Of course, floating point support for Serial.print() DID get added. In a relatively nonStandard way that is not as powerful as printf(), but is just about as big.
krupski:
#1: There is overhead associated with every and any call of a C function.
I would probably agree that 10 calls with 2 arguments takes longer than 1 call with 12 arguments. I'm not sure, because there is some increased overhead due to the varargs calling convention of sprintf.
Regardless, the measurements show that the piece-wise overhead is much, much less than the time used by the other techniques (String and sprintf). Most of it has to do with the run-time interpretation of the format string.
#2: Wrong - same reason as #1.
The numbers seem to show that piece-wise if most efficient. I don't know how to discuss something with you if you don't look at the objective numbers. If you don't understand the measurement sketches, just ask a question.
#3: This statement is misleading... /dev makes it sound as though serial data will be output from the ring buffer even if the CPU is busy elsewhere (for example stuck in a blocking delay(nnn) call or in the middle of parsing the format specifiers of another string).
Serial data will be output from the ring buffer even if the CPU is doing a delay or formatting another piece. That's how interrupts work. I marvel that you don't know this, even after I provided links to the source. Continuing to argue the point fits the definition of Willful Ignorance.
Now, I suppose I could write a simple sketch and show actual numbers
I can do this if you wish.......
Yes, please. This is the essence of forum discussion. If you disagree, you have to support the argument with something that everybody can reproduce. Subjective ranting does not nullify the objective measurements. Show us your actual numbers, and maybe we'll all start using sprintf.
westfw:
Of course, floating point support for Serial.print() DID get added.

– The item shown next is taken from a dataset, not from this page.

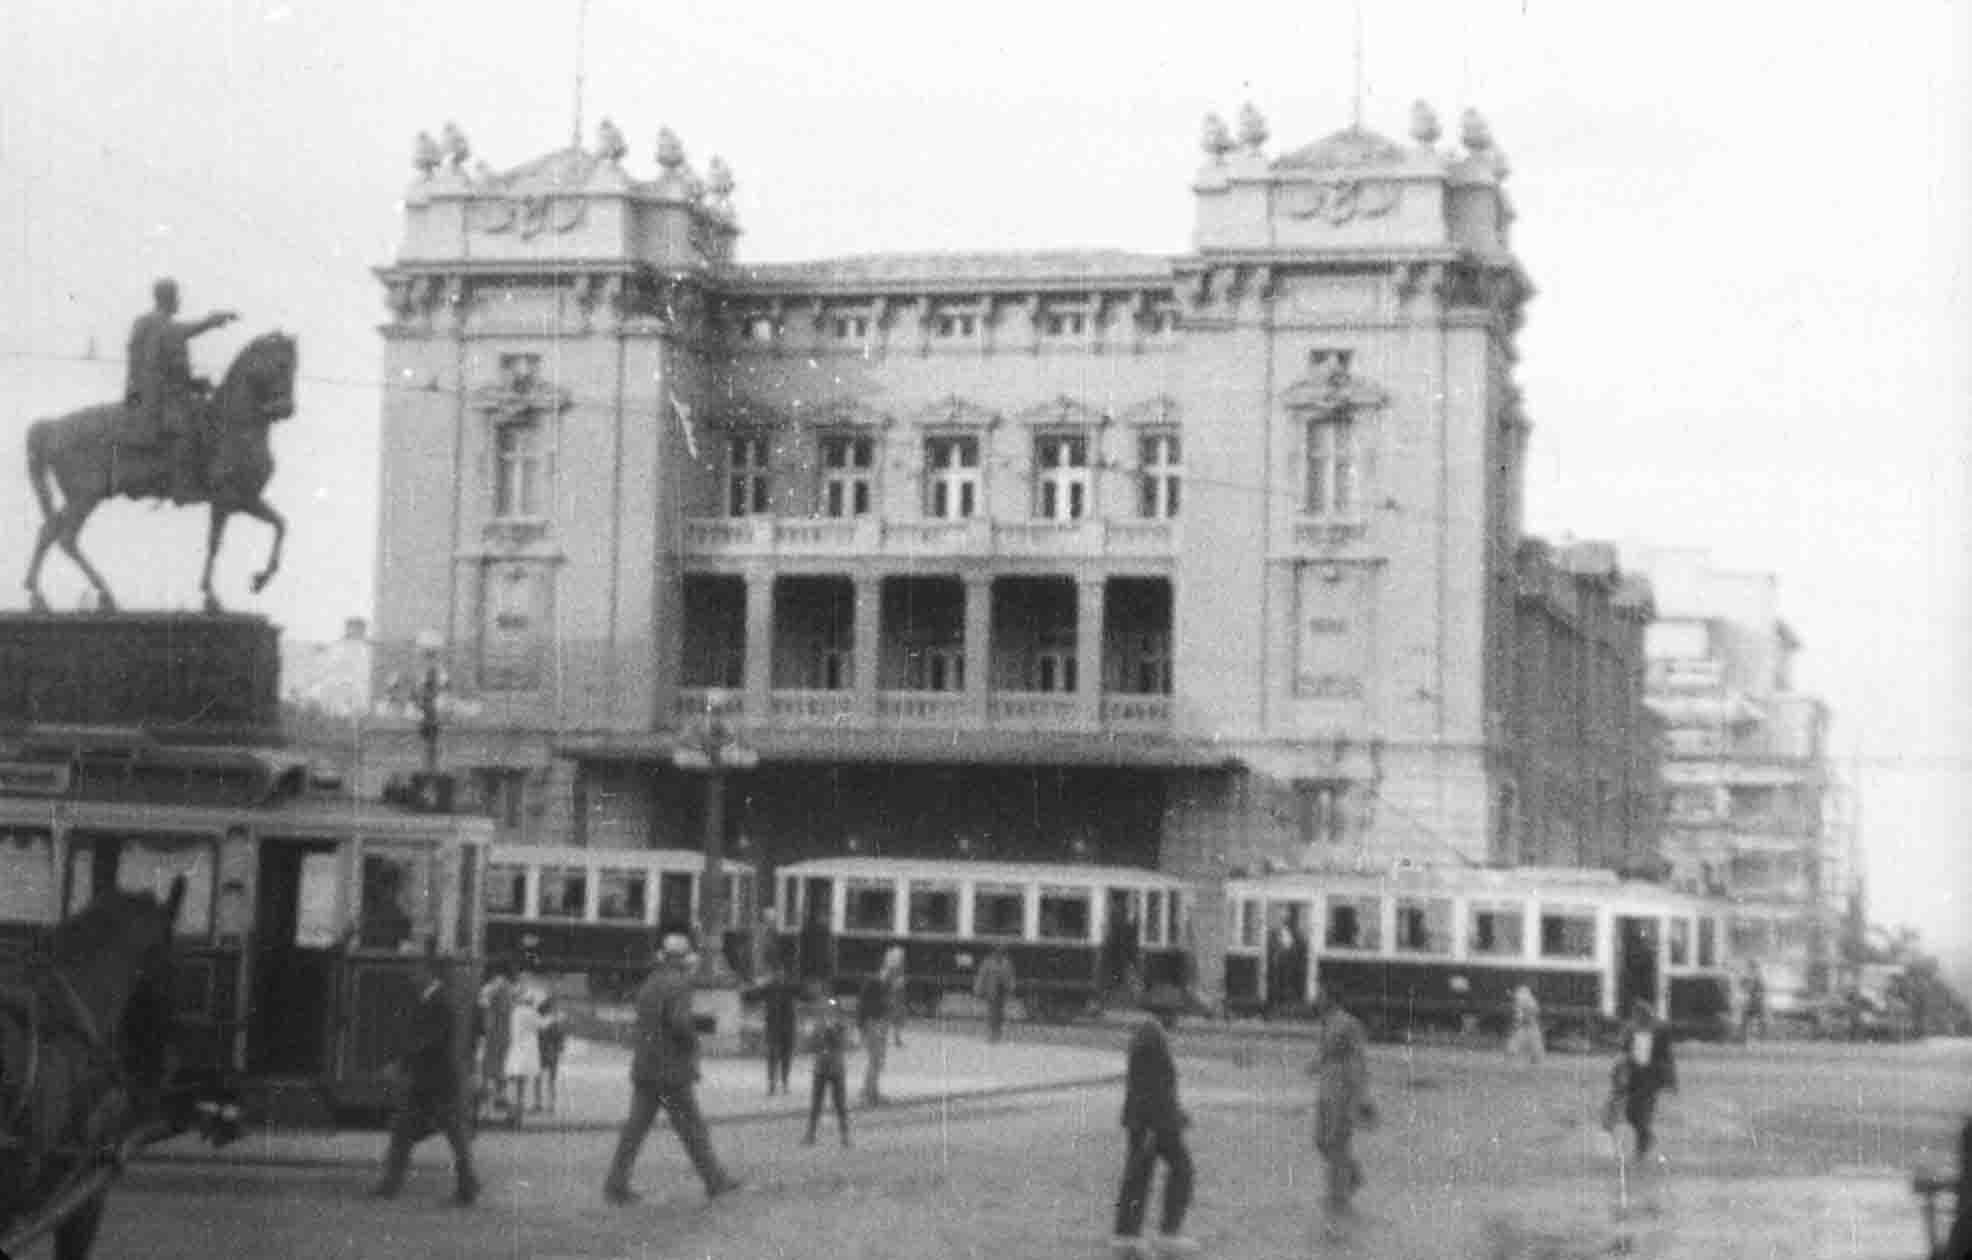 beograd-prestonica-kraljevine-jugoslavije-1932-5

In a relatively nonStandard way that is not as powerful as printf(), but is just about as big.
What I really mean is floating point AND standard in/out/err streams... enabled or disabled by the user, via a checkbox in Preferences.
Another thing that you may or may not know is that there are TWO separate "modules" connected with AVR-GCC floating point support.
One handles printf, fprintf, etc... and the other handles scanf, fscanf, etc...
The second one (the scanf support) is a resource hog and (as far as I know) provides very little benefit to the programmer. The first one (printf) adds only about 1.5K to a sketch and is the one most people would probably use.
So, in my Preferences, I have two "floating point" checkboxes... one for printf (which I use all the time) and one for scanf (which I have never used so far).
-dev:
Yes, please [run the test sketches]. This is the essence of forum discussion. If you disagree, you have to support the argument with something that everybody can reproduce. Subjective ranting does not nullify the objective measurements. Show us your actual numbers, and maybe we'll all start usingsprintf.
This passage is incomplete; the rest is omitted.